Defendant now moves for partial summary judgment on two legal questions related to a state-law claim presented in Case '478: (1) whether an employee may recover $ 200 in statutory damages under Or. Rev. Stat. (hereinafter "ORS") § 652.615 only once or for every paycheck that had the same type of wrongful violation; and (2) whether the $ 200 in statutory damages constitutes a penalty (in which case there is a 3-year statute of limitations) or liquidated or other non-penal statutory damages (in which case there is a 6-year statute of limitations). Plaintiff has cross-moved for summary judgment on both issues. For the reasons that follow, the Court finds for Defendant on the first issue and for Plaintiff on the second.

STANDARDS

A party is entitled to summary judgment if the "movant shows that there is no genuine dispute as to any material fact and the movant is entitled to judgment as a matter of law." Fed. R. Civ. P. 56(a). The moving party has the burden of establishing the absence of a genuine dispute of material fact. Celotex Corp. v. Catrett , 477 U.S. 317, 323, 106 S.Ct. 2548, 91 L.Ed.2d 265 (1986). The court must view the evidence in the light most favorable to the non-movant and draw all reasonable inferences in the non-movant's favor. Clicks Billiards Inc. v. Sixshooters Inc. , 251 F.3d 1252, 1257 (9th Cir. 2001). Although "[c]redibility determinations, the weighing of the evidence, and the drawing of legitimate inferences from the facts are jury functions, not those of a judge ... ruling on a motion for summary judgment," the "mere existence of a scintilla of evidence in support of the plaintiff's position [is] insufficient ...." Anderson v. Liberty Lobby, Inc. , 477 U.S. 242, 252, 255, 106 S.Ct. 2505, 91 L.Ed.2d 202 (1986). "Where the record taken as a whole could not lead a rational trier of fact to find for the non-moving party, there is no genuine issue for trial." Matsushita Elec. Indus. Co. v. Zenith Radio Corp. , 475 U.S. 574, 587, 106 S.Ct. 1348, 89 L.Ed.2d 538 (1986) (citation and quotation marks omitted).

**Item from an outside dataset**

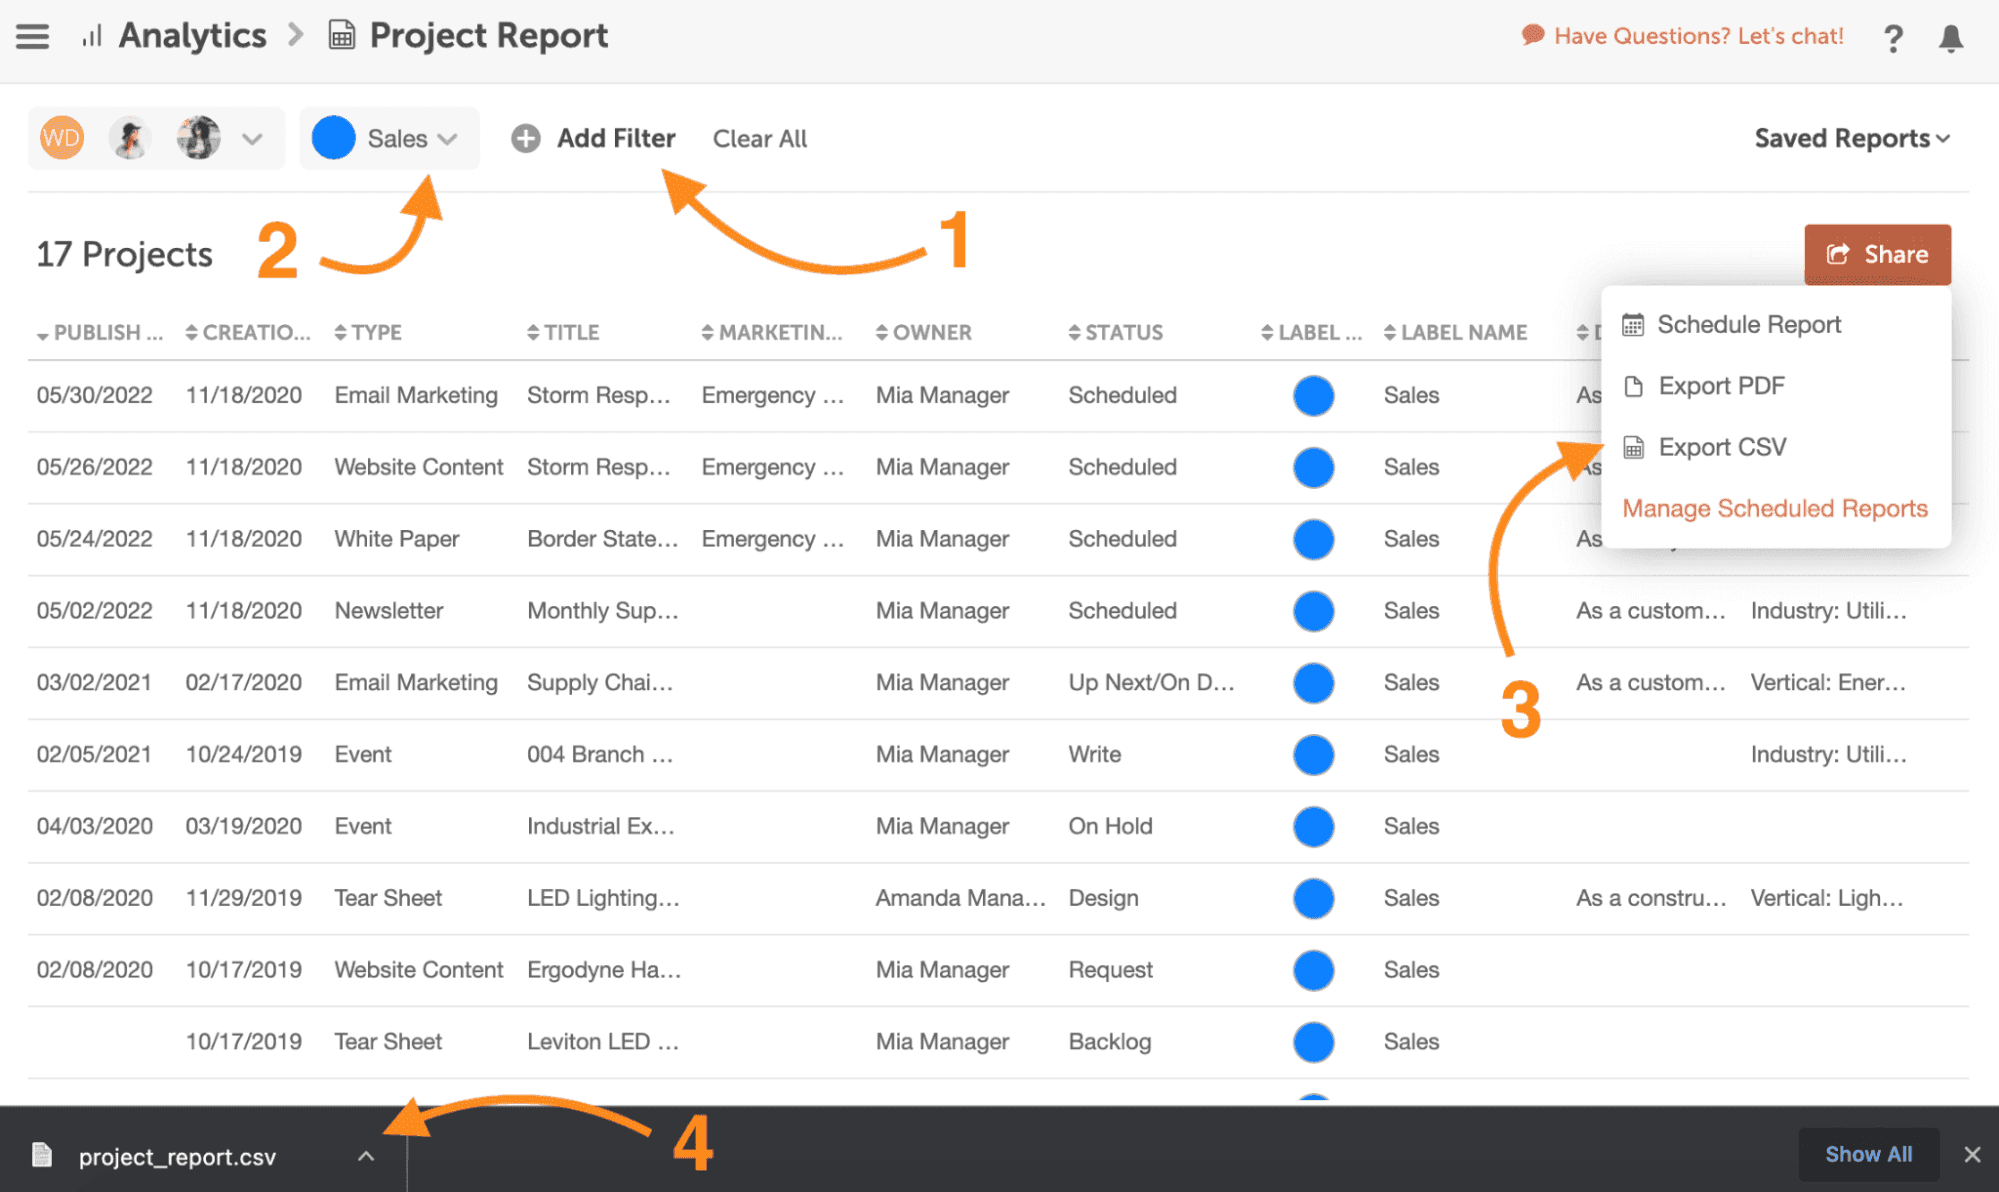 Use project report to export activities.

When parties file cross-motions for summary judgment, the court "evaluate[s] each motion separately, giving the non-moving party in each instance the benefit of all reasonable inferences." A.C.L.U. of Nev. v. City of Las Vegas , 466 F.3d 784, 790-91 (9th Cir. 2006) (quotation marks and citation omitted); see also Pintos v. Pac. Creditors Ass'n , 605 F.3d 665, 674 (9th Cir. 2010) ("Cross-motions for summary judgment are evaluated separately under [the] same standard."). In evaluating the motions, "the court must consider each party's evidence, regardless under which motion the evidence is offered." Las Vegas Sands, LLC v. Nehme , 632 F.3d 526, 532 (9th Cir. 2011). "Where the non-moving party bears the burden of proof at trial, the moving party need only prove that there is an absence of evidence to support the non-moving party's case." In re Oracle Corp. Sec. Litig. , 627 F.3d 376, 387 (9th Cir. 2010). Thereafter, the non-moving party bears the burden of designating "specific facts demonstrating the existence of genuine issues for trial." Id. "This burden is not a light one." Id. The Supreme Court has directed that in such a situation, the non-moving party must do more than raise a "metaphysical doubt" as *1123to the material facts at issue. Matsushita , 475 U.S. at 586, 106 S.Ct. 1348.